WHAT TO DO: A verbatim transcript of the data below is required, images omitted.

PROVIDED DATA:
====

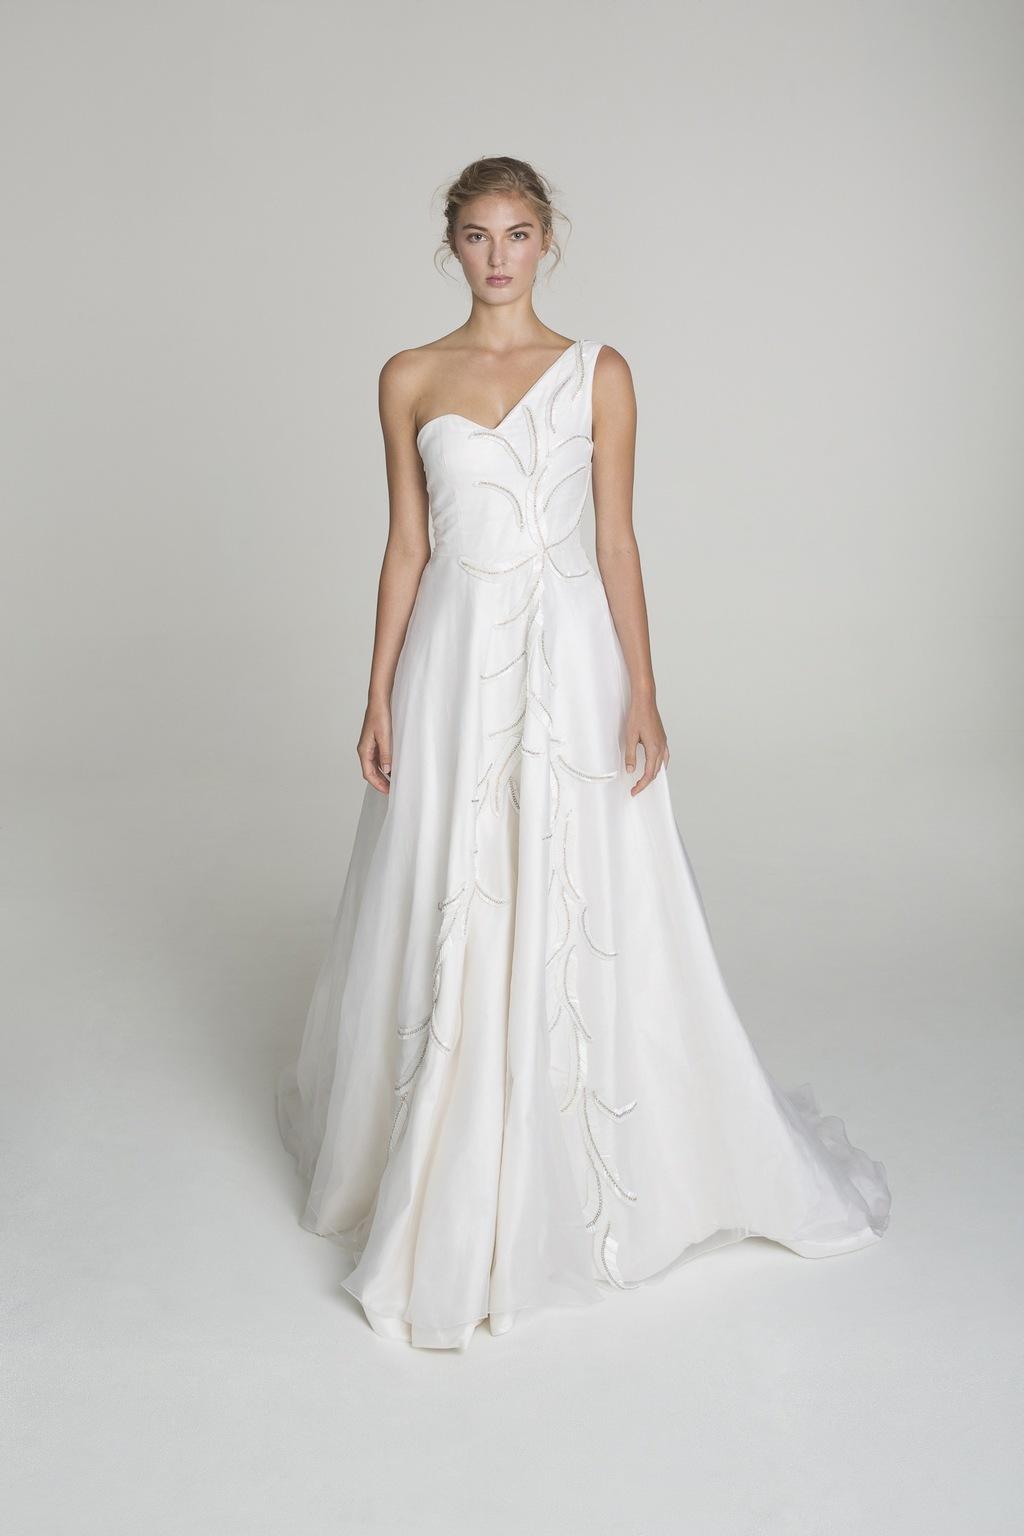 One_shoulder_wedding_dress_from_alana_aoun.full
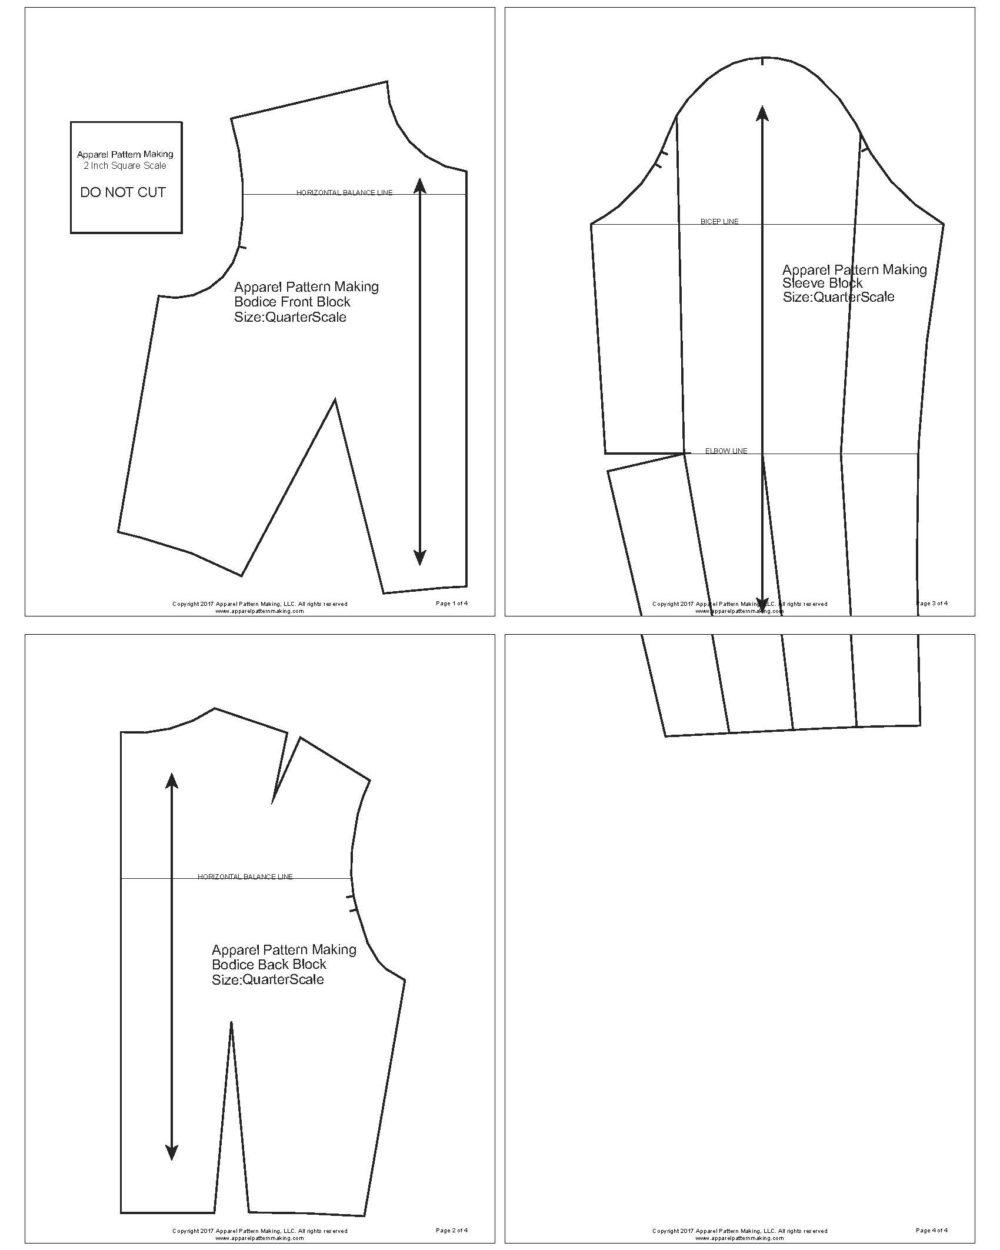 Home Apparel Pattern Making Llc
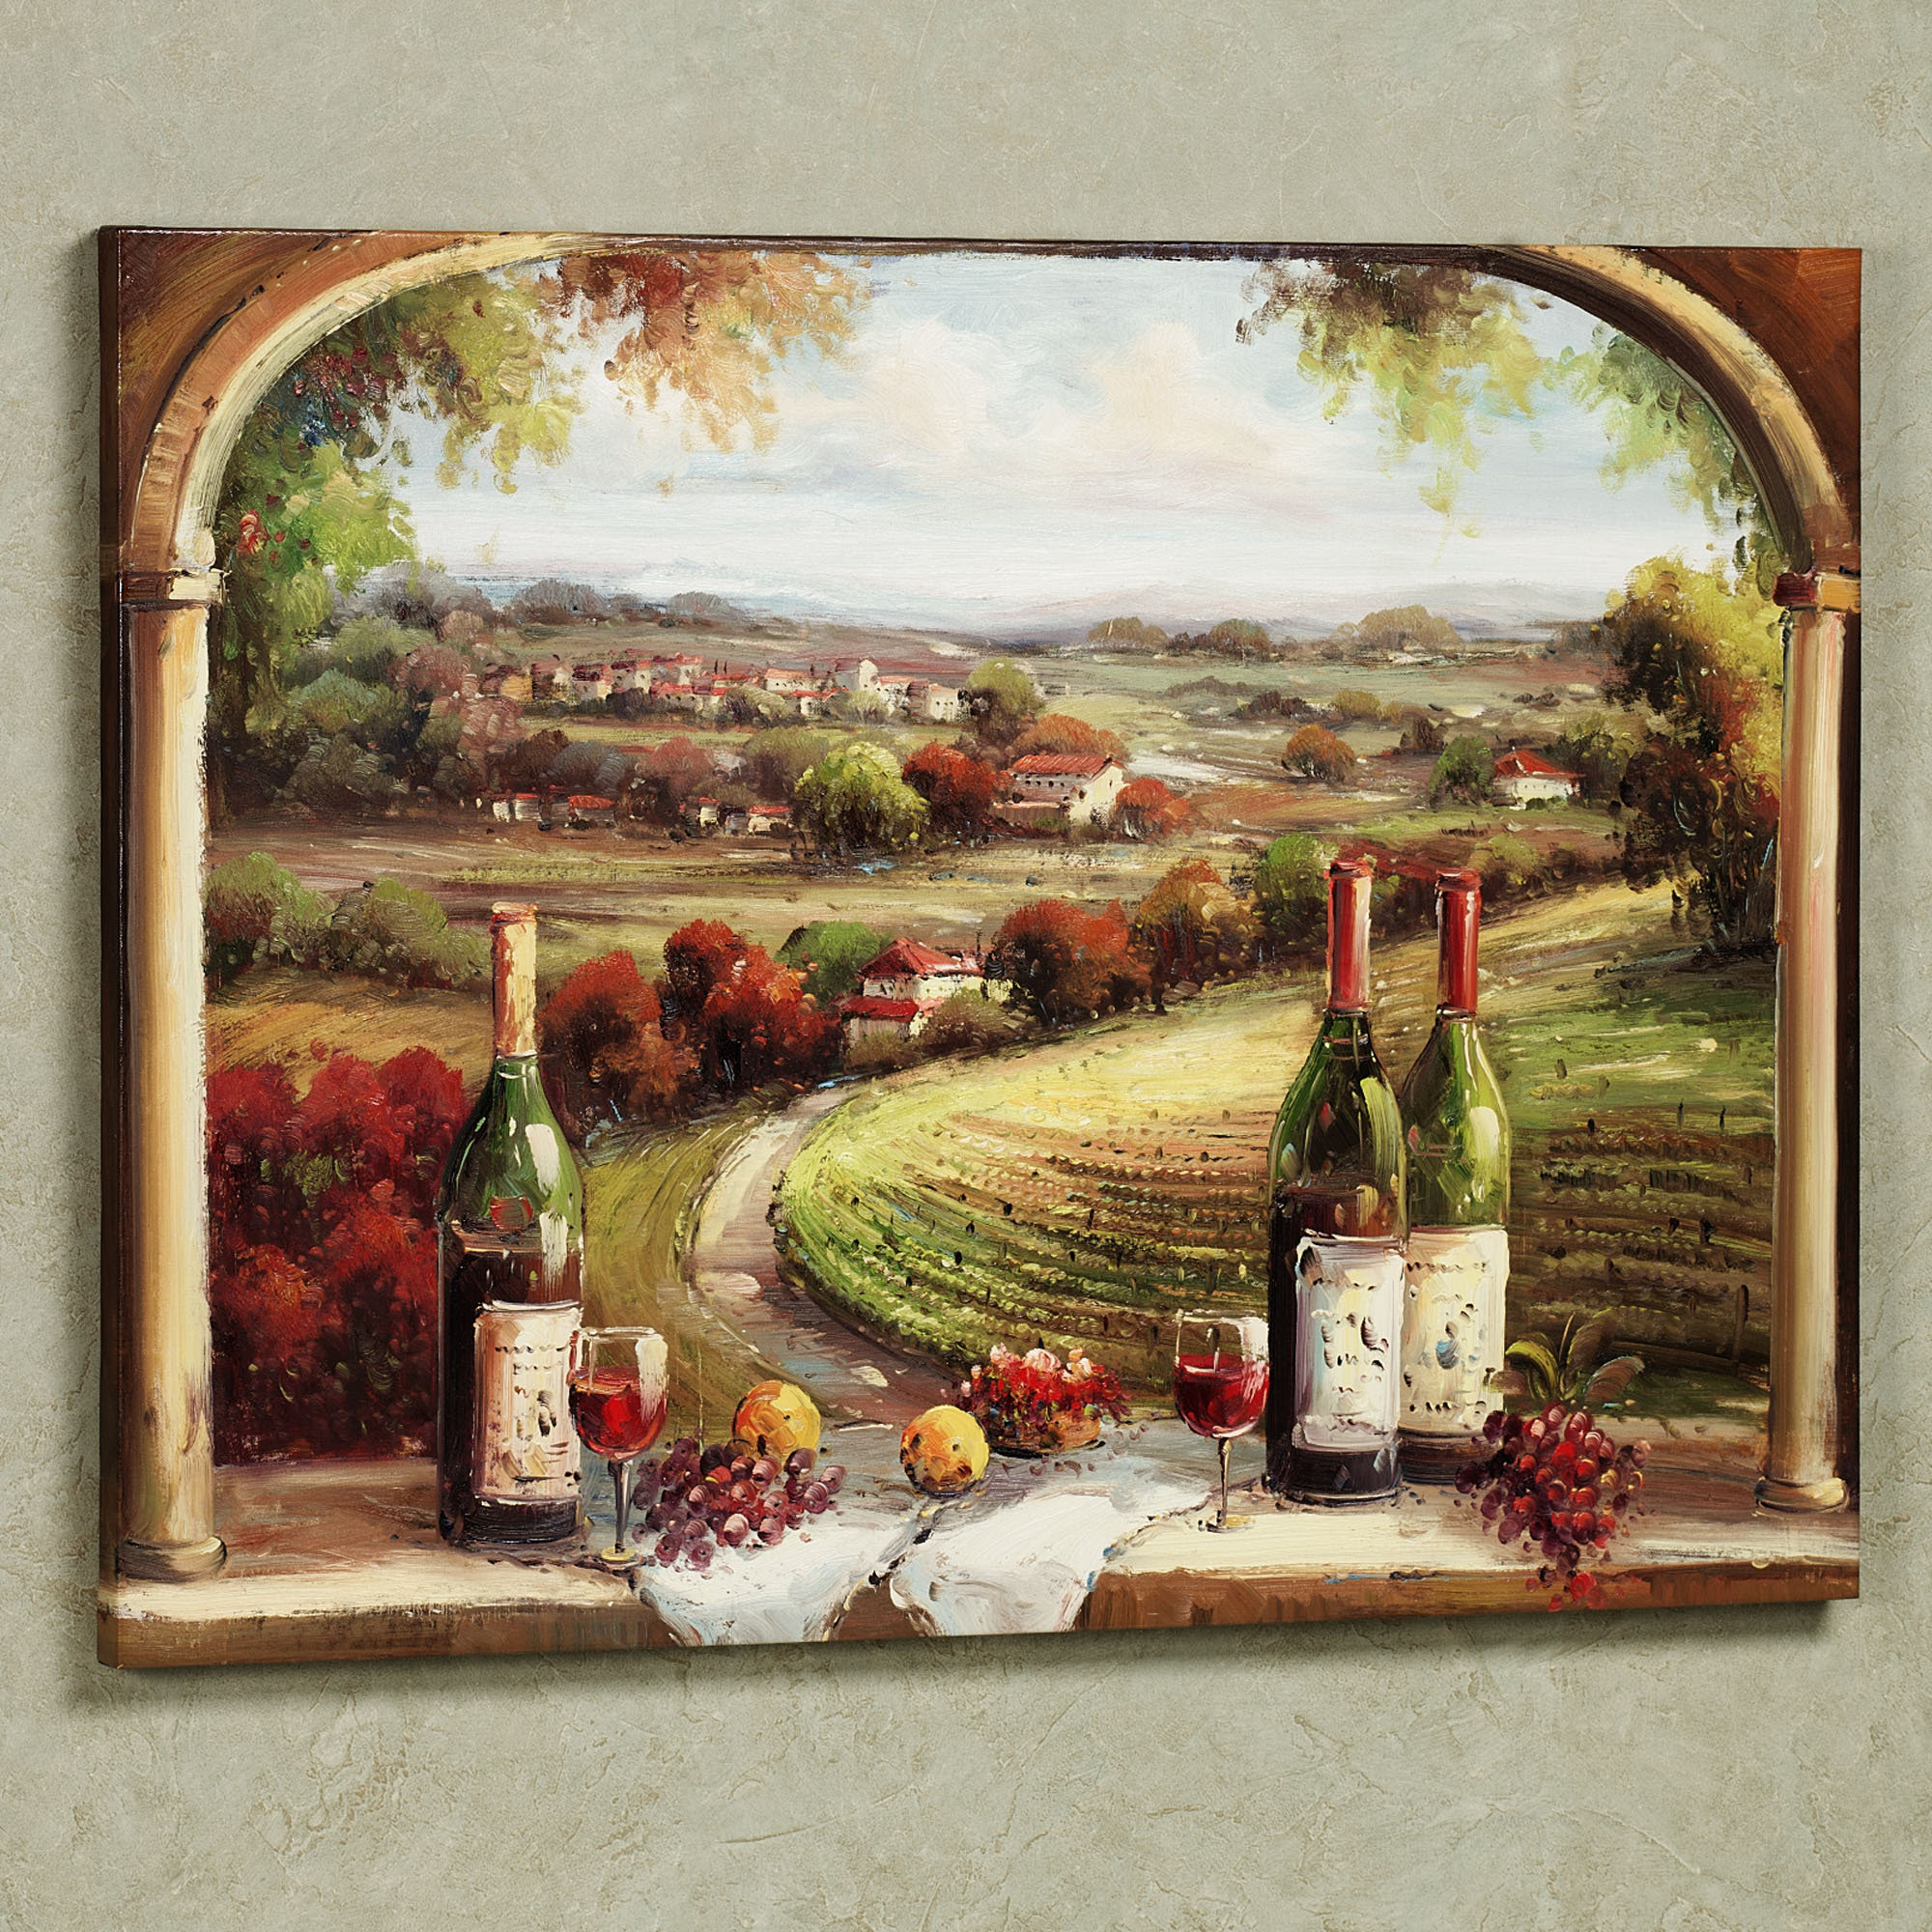 vineyard kitchen decor ezr degreaser tasteful ideas for wine décor a creative mom

====

ANSWER BELOW:
 One_shoulder_wedding_dress_from_alana_aoun.full
 Home Apparel Pattern Making Llc
 vineyard kitchen decor ezr degreaser tasteful ideas for wine décor a creative mom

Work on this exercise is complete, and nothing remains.